Sep 29 00:14:43 ve-02 pvestatd[182728]: Use of uninitialized value $used in addition (+) at /usr/sha
Sep 29 00:14:43 ve-02 pvestatd[182728]: Use of uninitialized value $avail in int at /usr/share/perl5
Sep 29 00:14:43 ve-02 pvestatd[182728]: Use of uninitialized value $used in int at /usr/share/perl5/
Sep 29 00:14:52 ve-02 pvestatd[182728]: Use of uninitialized value $free in addition (+) at /usr/sha
Sep 29 00:14:52 ve-02 pvestatd[182728]: Use of uninitialized value $used in addition (+) at /usr/sha
Sep 29 00:14:52 ve-02 pvestatd[182728]: Use of uninitialized value $avail in int at /usr/share/perl5
Sep 29 00:14:52 ve-02 pvestatd[182728]: Use of uninitialized value $used in int at /usr/share/perl5/
Sep 29 00:15:24 ve-02 pvestatd[182728]: status update time (32.127 seconds)
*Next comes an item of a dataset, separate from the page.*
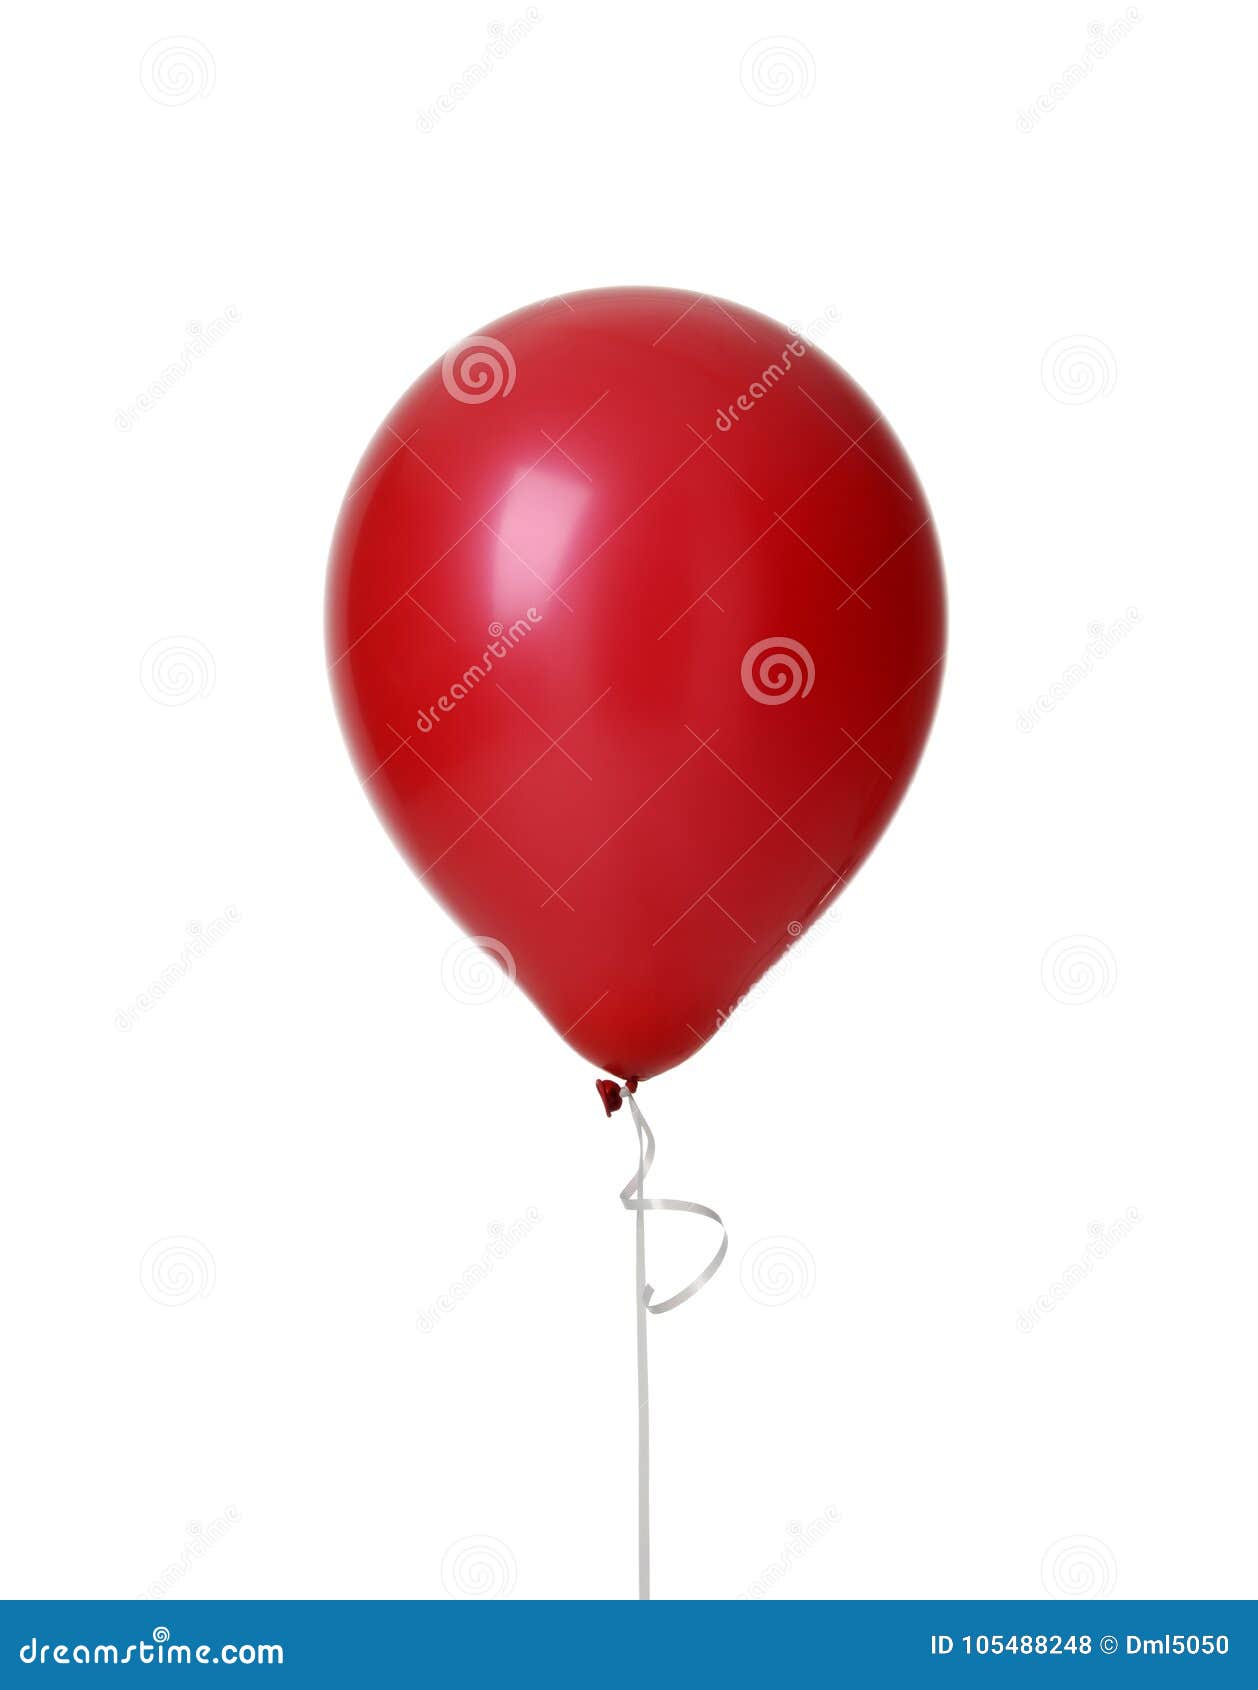 image of single big red latex balloon for birthday party

Sep 29 00:15:29 ve-02 pvestatd[182728]: got timeout
Sep 29 00:15:30 ve-02 pvestatd[182728]: status update time (5.479 seconds)
 
above code seem to have some semantical problems, but this one lists content of rdb storage:
Which are?

rbd list [pool] -m 1.1.1.1 -k /etc/pve/priv/ceph/Ceph.keyring --user [username]
What was the output?

Sep 29 00:14:43 ve-02 pvestatd[182728]: Use of uninitialized value $used in addition (+) at /usr/sha
It's a side-effect. The values for the usage calculation are uninitialized but shouldn't.